Objective : Biomodification of the root surface plays a major role in periodontal wound healing. Root surface modification with bone morphogenetic protein (BMP) stimulates bone and cementum-like tissue formation; however, severe ankylosis is simultaneously observed. Bio-safe collagen hydrogel scaffolds may therefore be useful for supplying periodontal ligament cells and preventing ankylosis. We examined the effects of BMP modification in conjunction with collagen hydrogel scaffold implantation on periodontal wound healing in dogs. Material and Methods: The collagen hydrogel scaffold was composed of type I collagen sponge and collagen hydrogel.

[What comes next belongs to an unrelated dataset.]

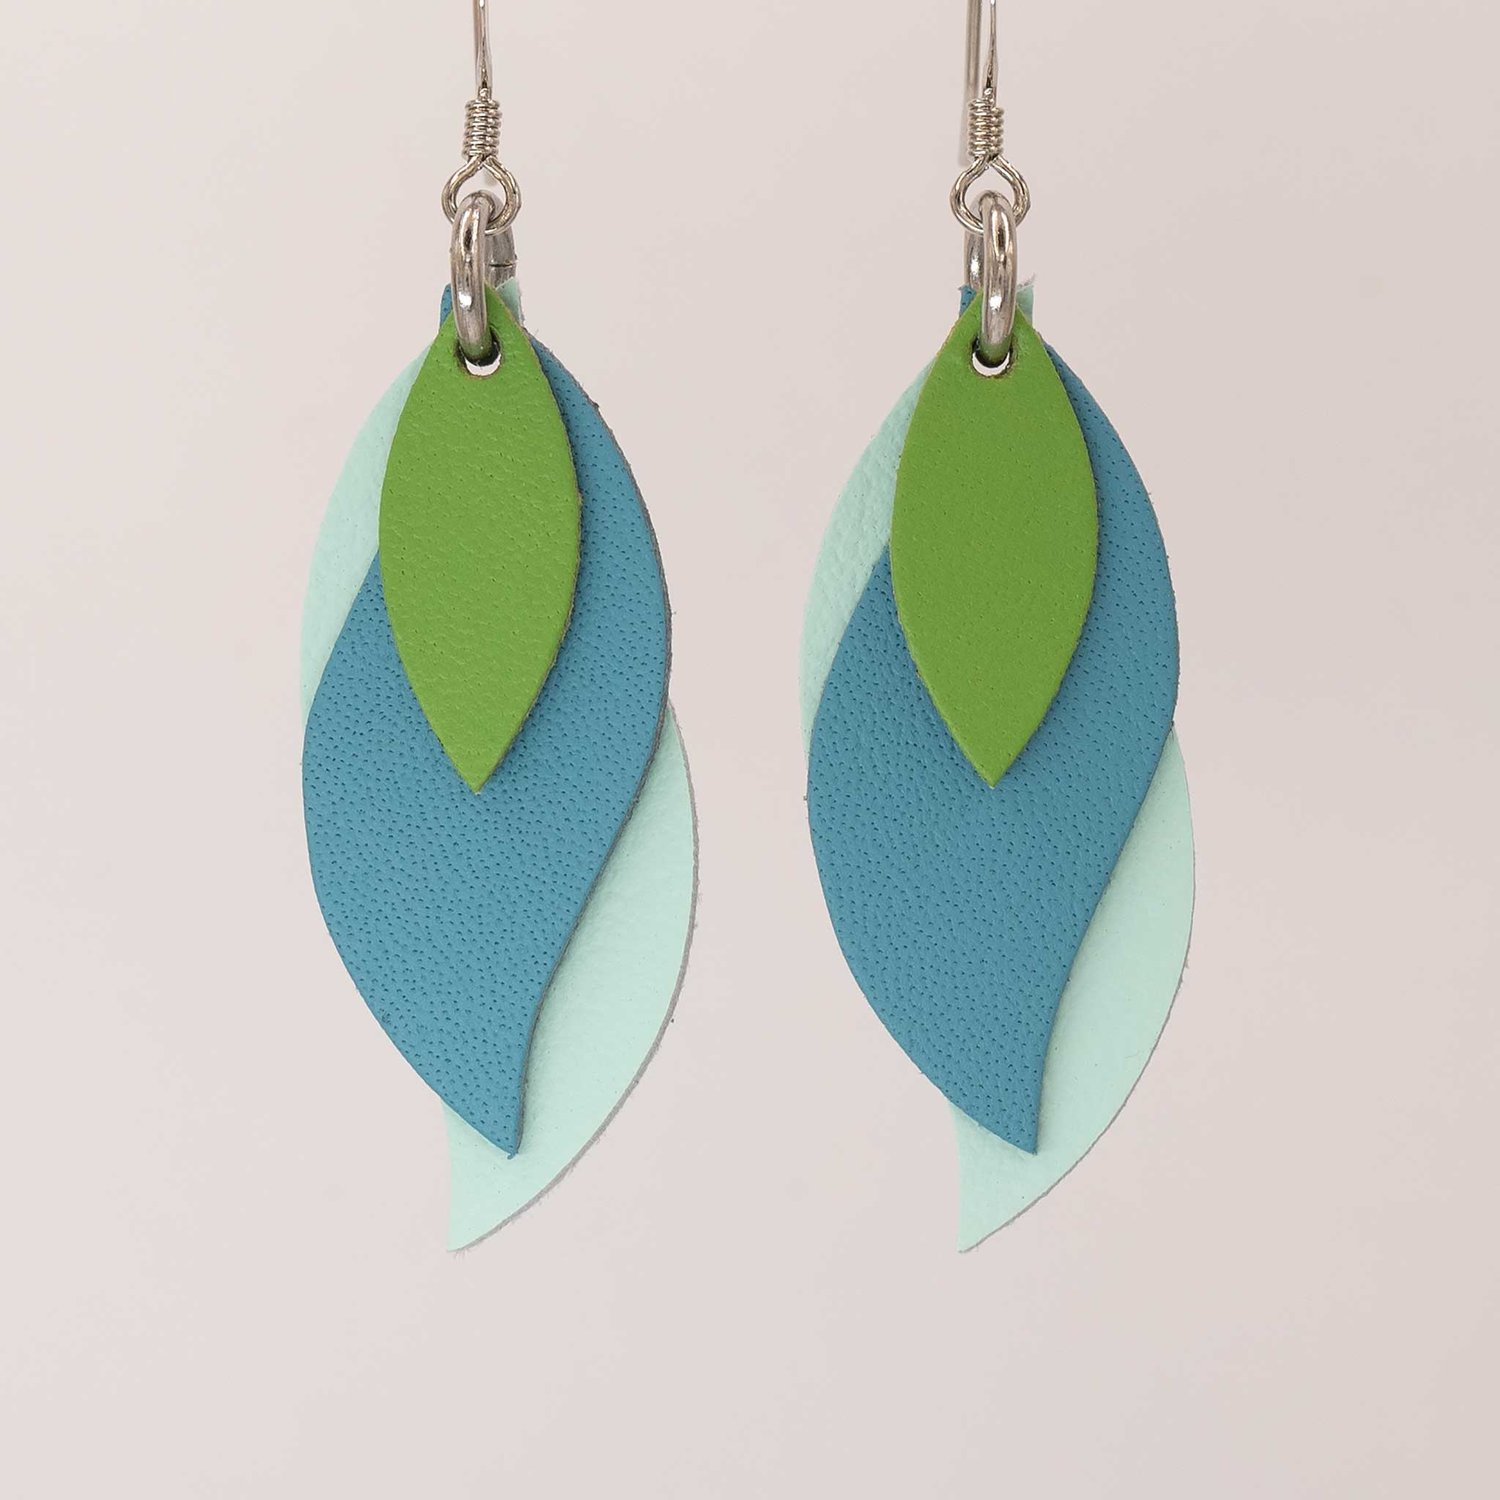 Image of Handmade Australian leather leaf earrings - Lime green, blue, mint green [LBG-517]

One-wall infrabony defects (5 mm in depth, 3 mm in width) were surgically created in six beagle dogs. In the BMP/Col group, BMP-2 was applied to the root surface (loading dose; 1 µg/µl), and the defects were filled with collagen hydrogel scaffold. In the BMP or Col group, BMP-2 coating or scaffold implantation was performed. Histometric parameters were evaluated at 4 weeks after surgery. Results: Single use of BMP stimulated formation of alveolar bone and ankylosis. In contrast, the BMP/Col group frequently enhanced reconstruction of periodontal attachment including cementum-like tissue, periodontal ligament and alveolar bone. The amount of new periodontal ligament in the BMP/Col group was significantly greater when compared to all other groups. In addition, ankylosis was rarely observed in the BMP/Col group. Conclusion: The combination method using root surface modification with BMP and collagen hydrogel scaffold implantation facilitated the reestablishment of periodontal attachment. BMP-related ankylosis was suppressed by implantation of collagen hydrogel.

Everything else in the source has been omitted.